Depuis la prise de Kaboul par les Talibans, je suis là-bas, ma tête et mon coeur sont avec les Aghans, je n’arrête pas de penser à tous ceux que j’ai croisé, interviewé, je me sens déchirée et je multiplie les contacts… Y aller, oui, j’y pense sans cesse, mais il faut mesurer le pour et le contre, et ce que je pourrais y faire, parce qu’aller sur place et ne rien pouvoir faire ça n’a aucun intérêt. Je suis en contact avec mon ancien guide. Il tient un tout autre discours. Il dit que la population est très déçue du gouvernement de Ghani, qui était un gouvernement fantôme, gangrené par la corruption, et que certains dans la population attendent de voir ce que la nouvelle génération de talibans va faire. Ce sont souvent des « fils de », de mollahs, de grands leaders, le fils du mollah Omar par exemple. Mais ce ne sont pas les mêmes, certains ont étudié à Oxford, à Cambridge, alors soit ils peuvent être encore plus dangereux, et savoir négocier et jouer la manipulation dans leur communication, pour se faire accepter et ouvrir des portes à niveau international.
Mais je ne sais pas très bien, je suis très dubitative. Tout et son contraire circule pour l’instant. Tout ce qu’on peut lire dans la presse occidentale fait peur. On entend très peu de voix à l’extérieur. Mon ancien guide en tout cas me disait qu’il y en a qui sont contents de voir les talibans arriver, en disant que ça va attirer l’attention internationale, et ça va faire comprendre à toutes sortes de pays que la région n’est pas apaisée et que la reconstruction est loin d’être finie. Que ça montre la rapidité avec laquelle le président a fui. Il y a aussi le fils du commandant Massoud qui voudrait reprendre le flambeau mais il faut voir si l’aura qu’il y autour de son nom a encore valeur aujourd’hui, et s’il arrivera à fédérer. Tout ça ce sont des questions encore.
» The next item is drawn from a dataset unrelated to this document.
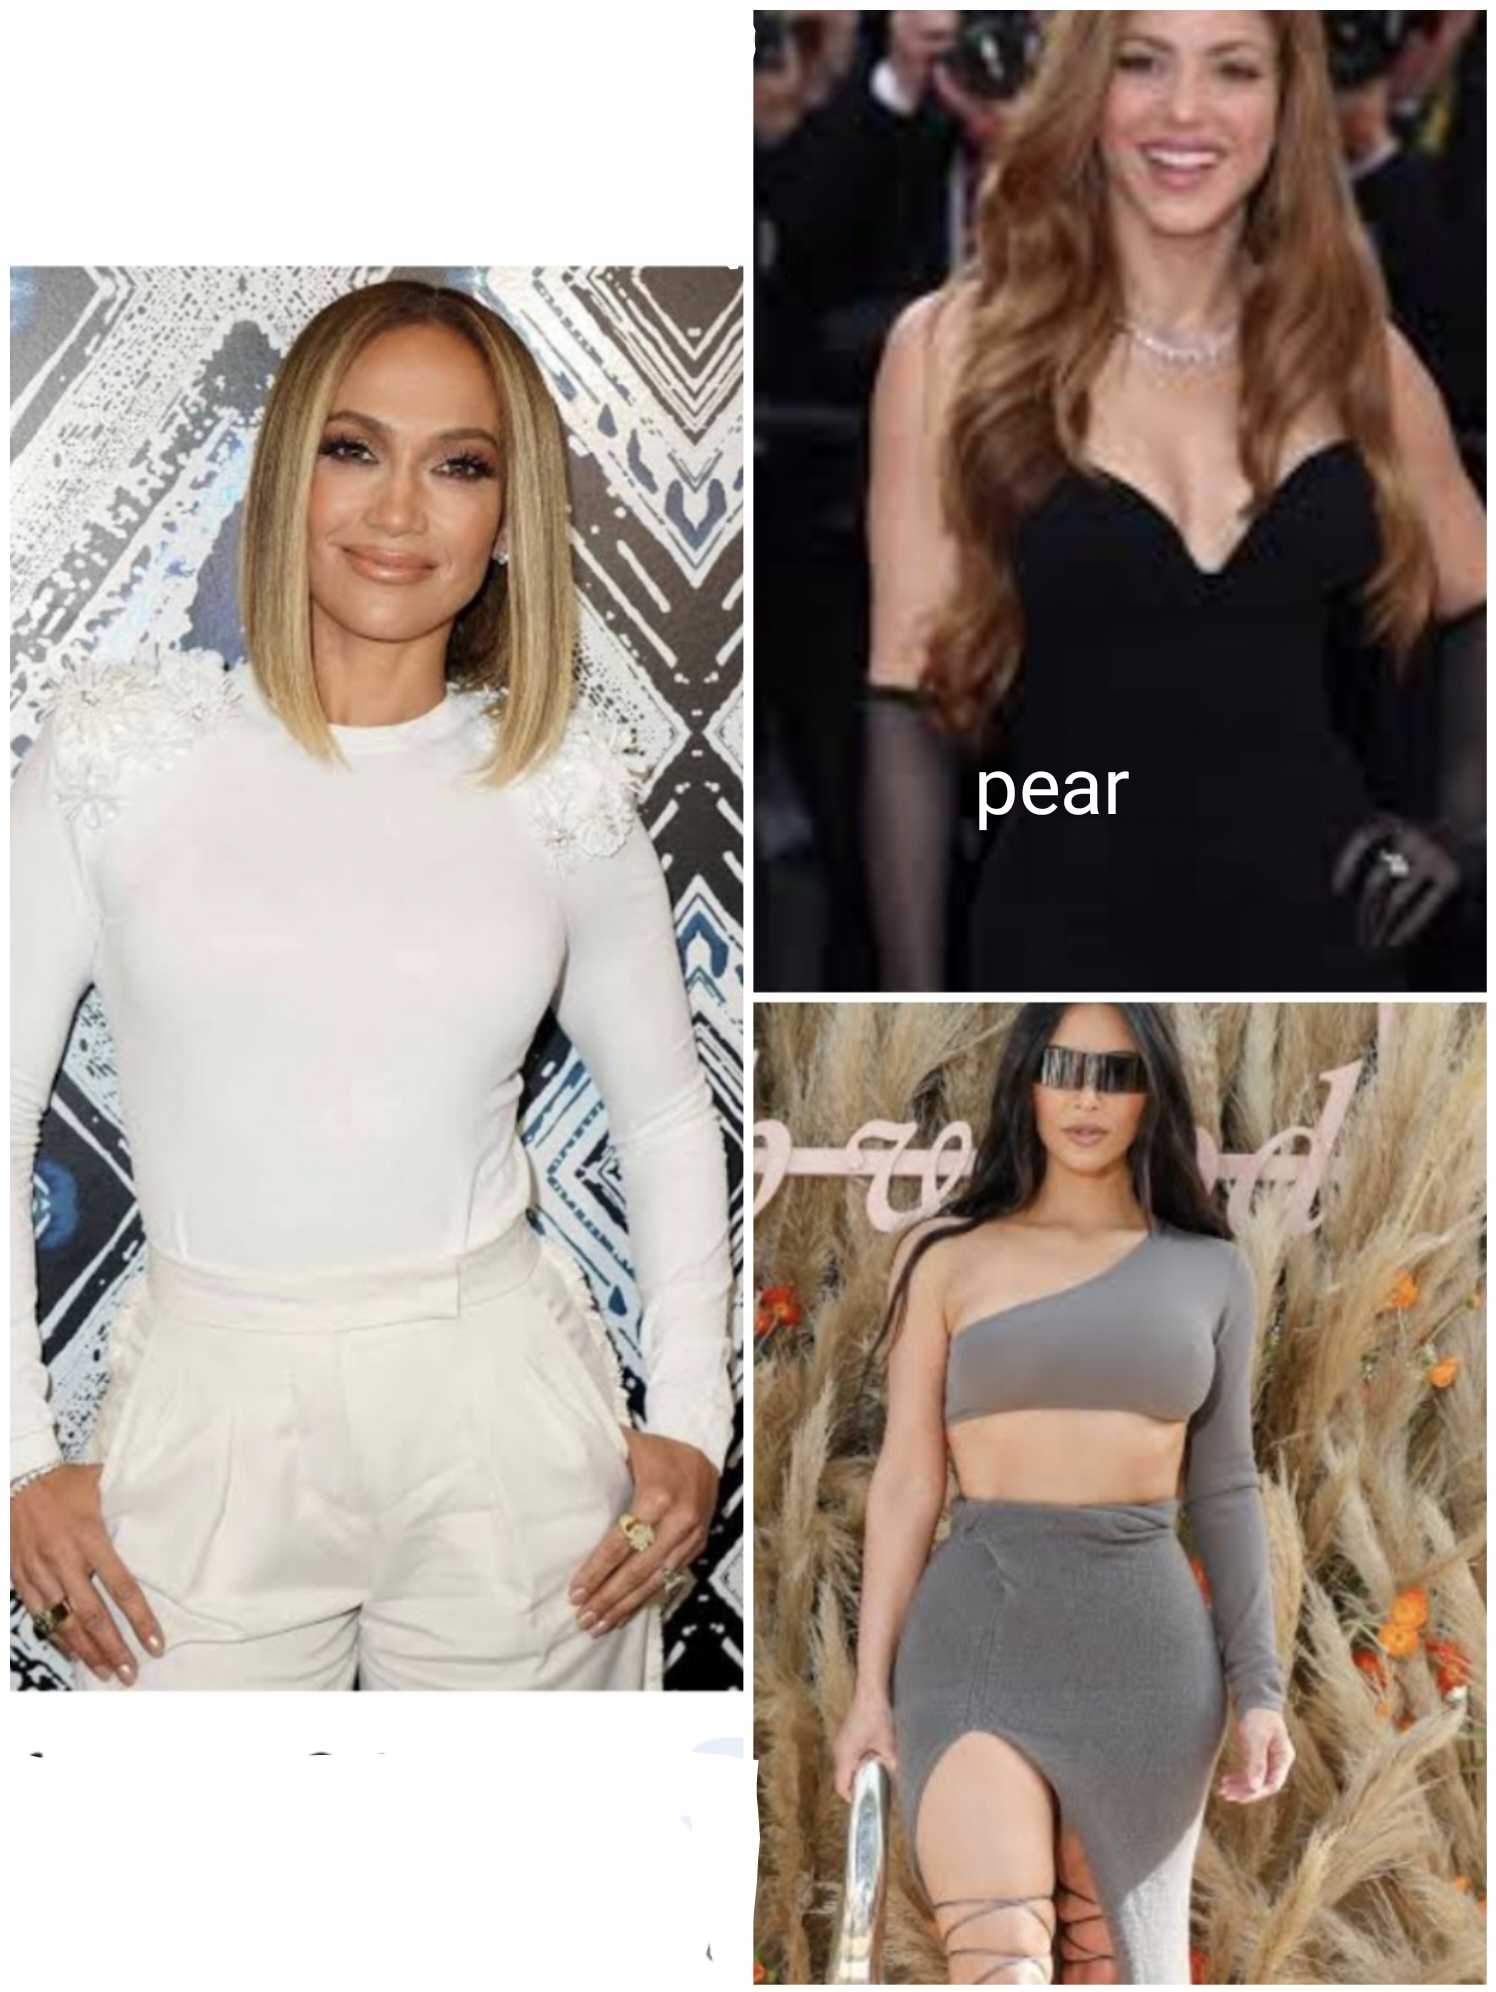 pear-body-shape-celebrities

La gouverneure est très déçue évidemment, elle est coincée à Doha et elle ne sait pas de quoi son avenir sera fait. Elle avait aussi candidaté pour être présidente en Afghanistan. Par contre la Commandante Kaftar, a rallié le camp des talibans, il y a déjà plusieurs mois. C’est peut-être de la stratégie, de la tactique politique pour pouvoir continuer à régner sur sa vallée. Mon guide disait que c’est intelligent, que sans doute mieux que tout le monde elle a vu que les talibans allaient revenir dès que les Américains allaient se retirer et qu’il valait mieux être avec eux que contre eux. Ça c’est quelque chose qu’on sait peu ici mais beaucoup d’Afghans, la majorité de la population, surtout les combattants, sont habitués à retourner leur veste. Voilà ce qui explique aussi la reddition d’une grande partie de l’armée afghane qui ne s’est pas battue. Ça fait partie de ces traditions tribales, ancestrales, qui prévalent dans ce pays depuis toujours. Ils savaient qu’ils ne feraient pas le poids contre les talibans. Le gouvernement était en position de faiblesse. Ghani vivait dans sa tour d’ivoire me disent mes contacts, il était en rupture avec le terrain, ce qui n’est jamais bon signe. En son absence, Hamid Karzai négocie avec Abdullah Abdullah, il paraît qu’il loge chez lui car ses gardes du corps ont fuit… ça en dit beaucoup sur l’état du pays et la marge de négociation avec les talibans.